▶ GOAL OF THE EXERCISE:
After finding the line with "The North Mill", restate it and each remaining line of the material word for word, omitting every picture.

▶ PROVIDED DATA:
========================================
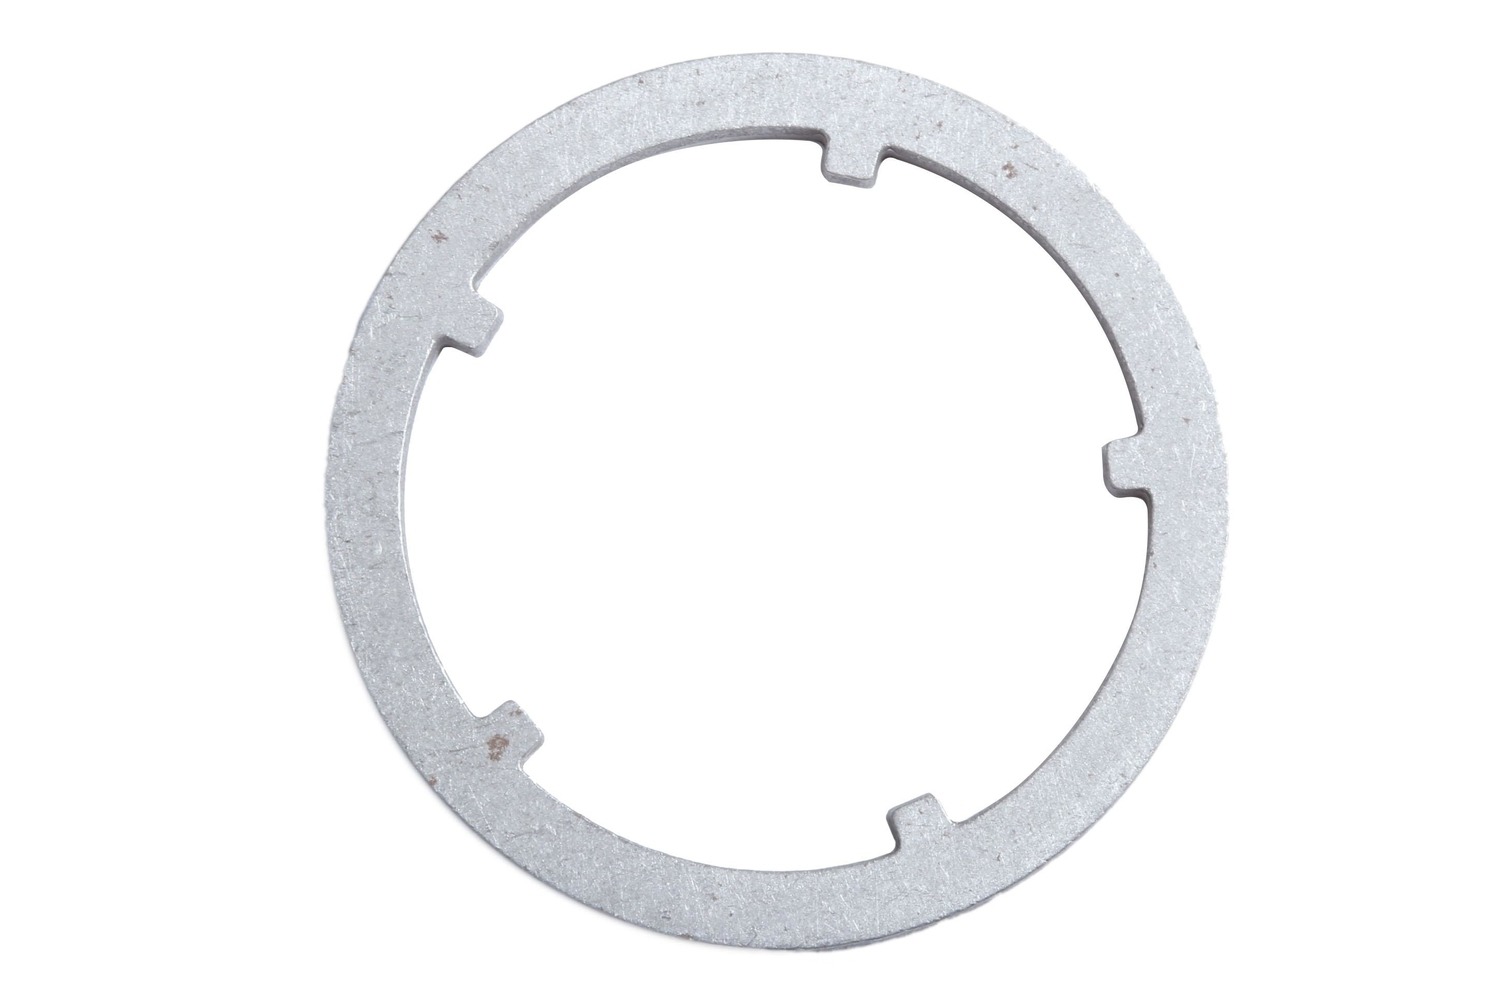 GM GENUINE PARTS - Automatic Transmission Differential Carrier Internal Thrust Washer - GMP 24213486
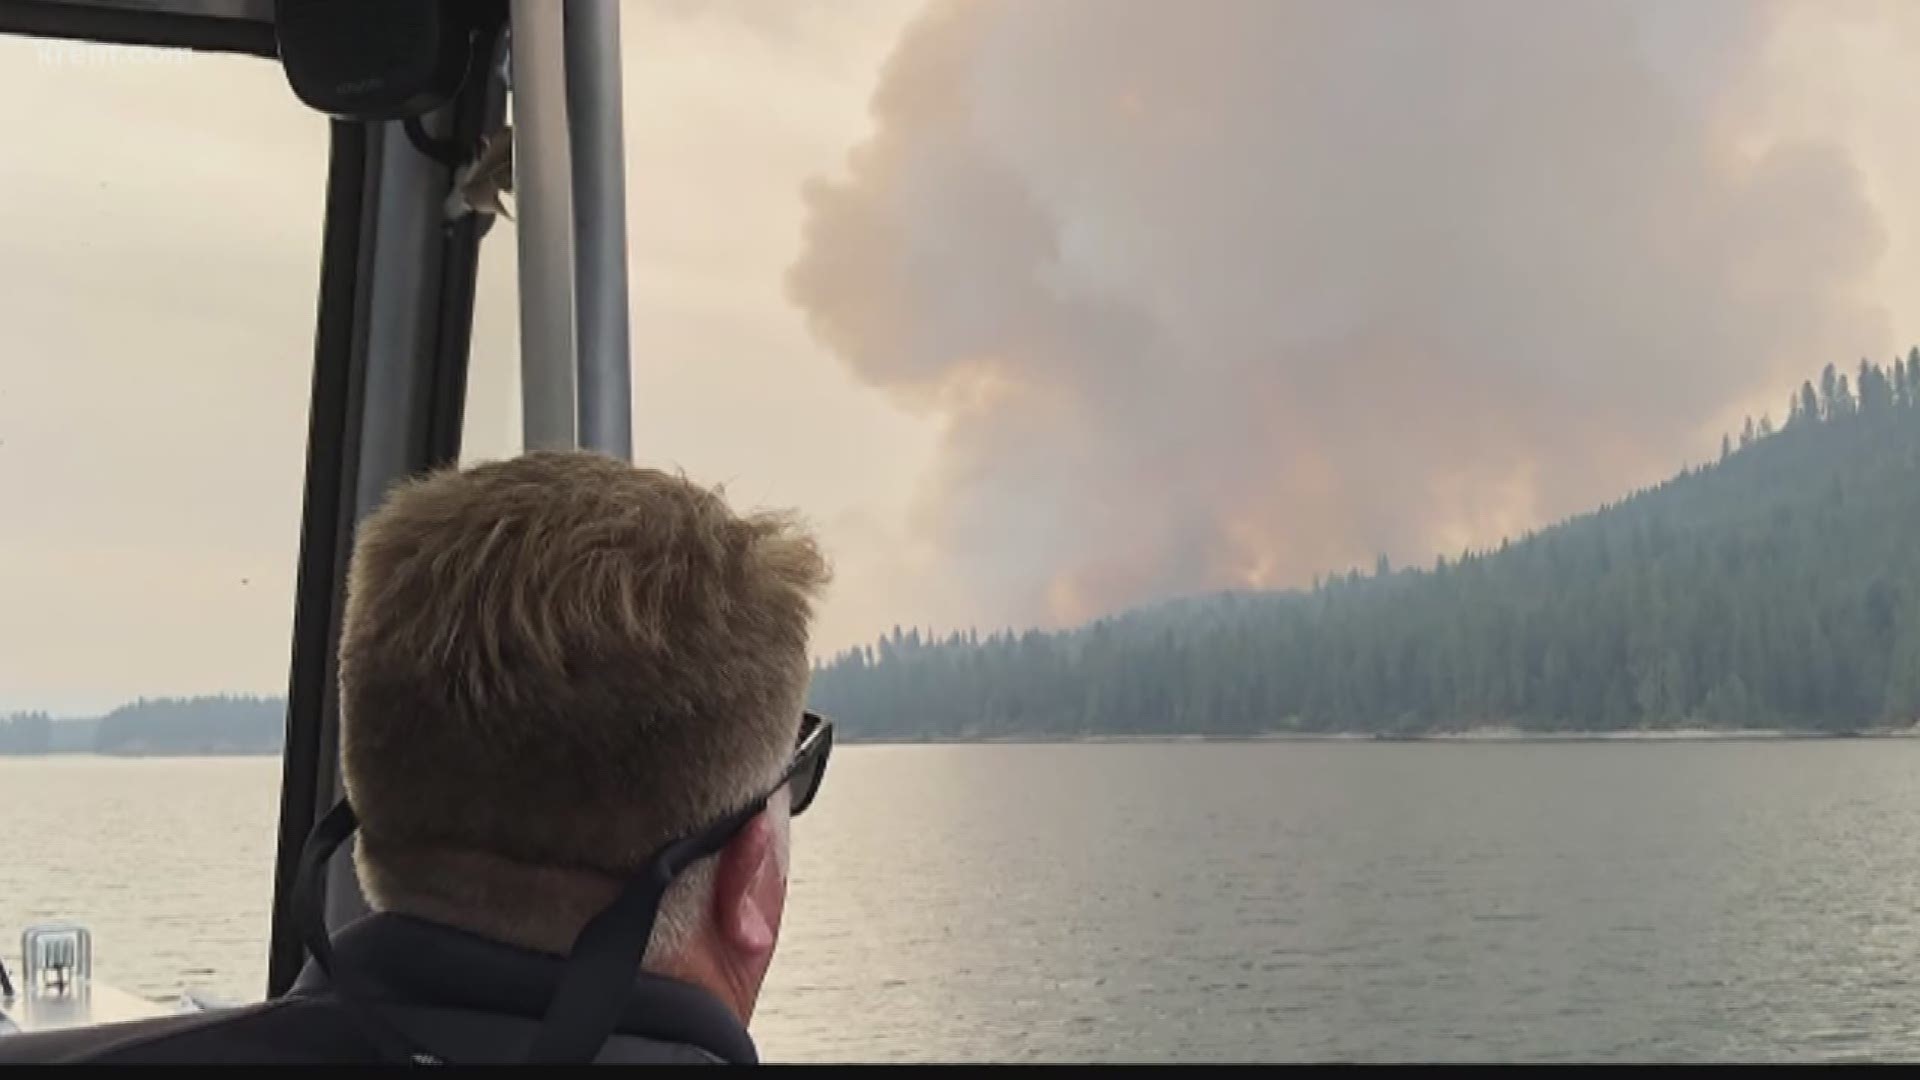 The North Mill Creek Fire has been fully contained, but two more wildfires are still burning lands in the Inland Northwest.
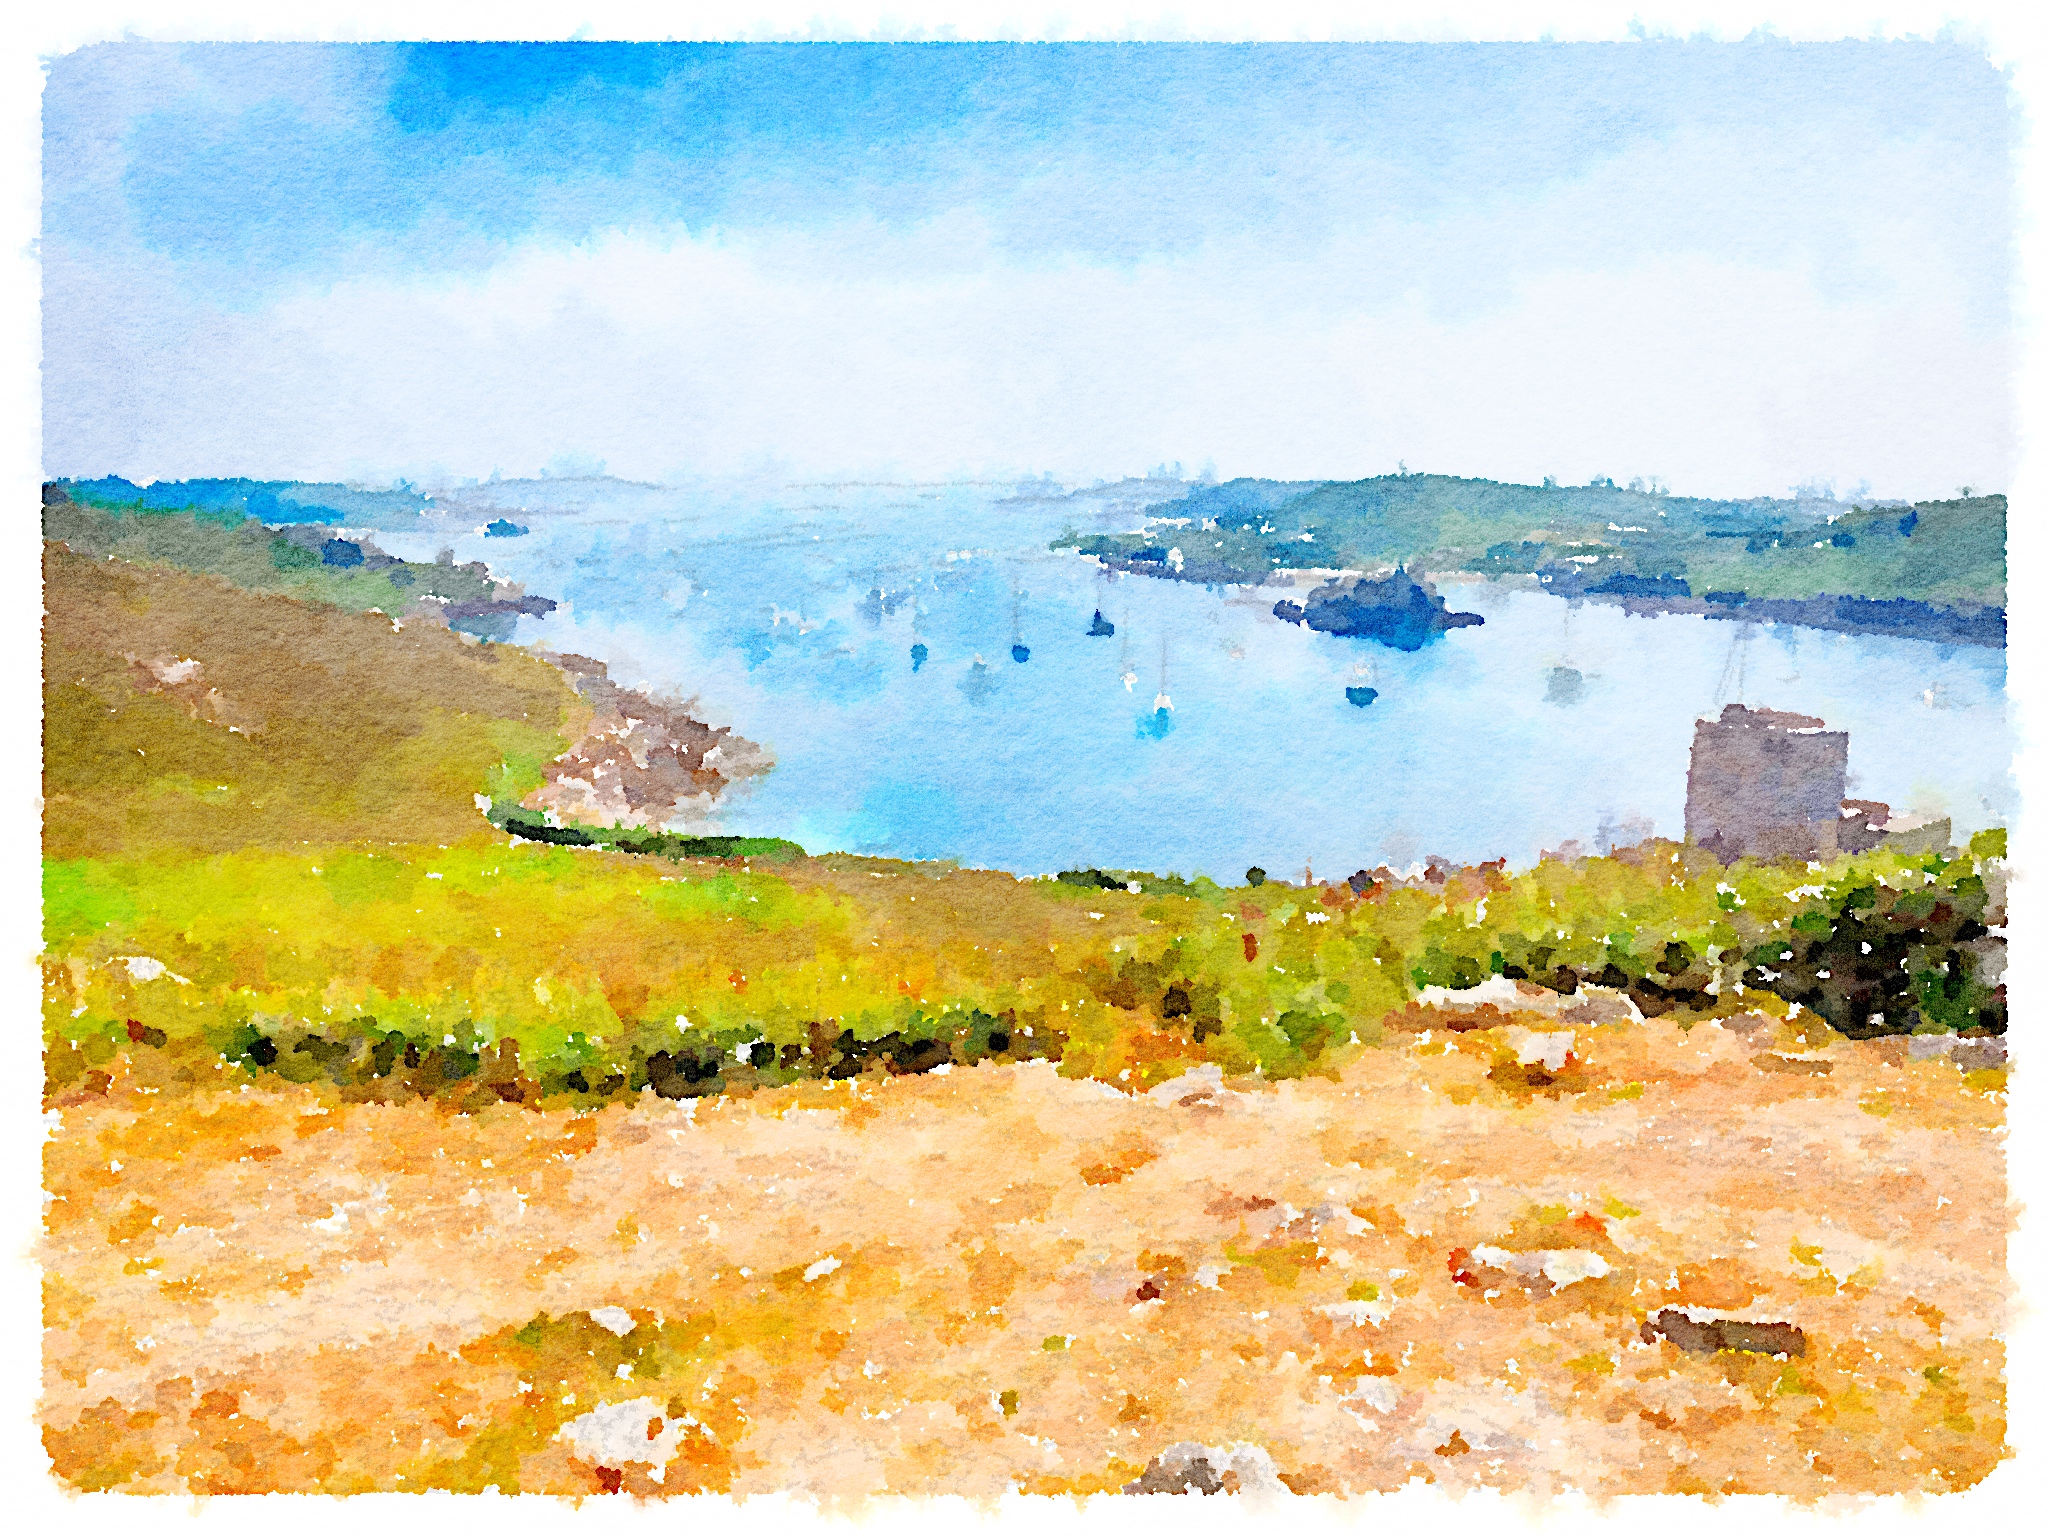 View from King Charles Castle over to Bryher showing Cromwell's Castle - Tresco
========================================
▶ TASK ANSWER:
 The North Mill Creek Fire has been fully contained, but two more wildfires are still burning lands in the Inland Northwest.
 View from King Charles Castle over to Bryher showing Cromwell's Castle - Tresco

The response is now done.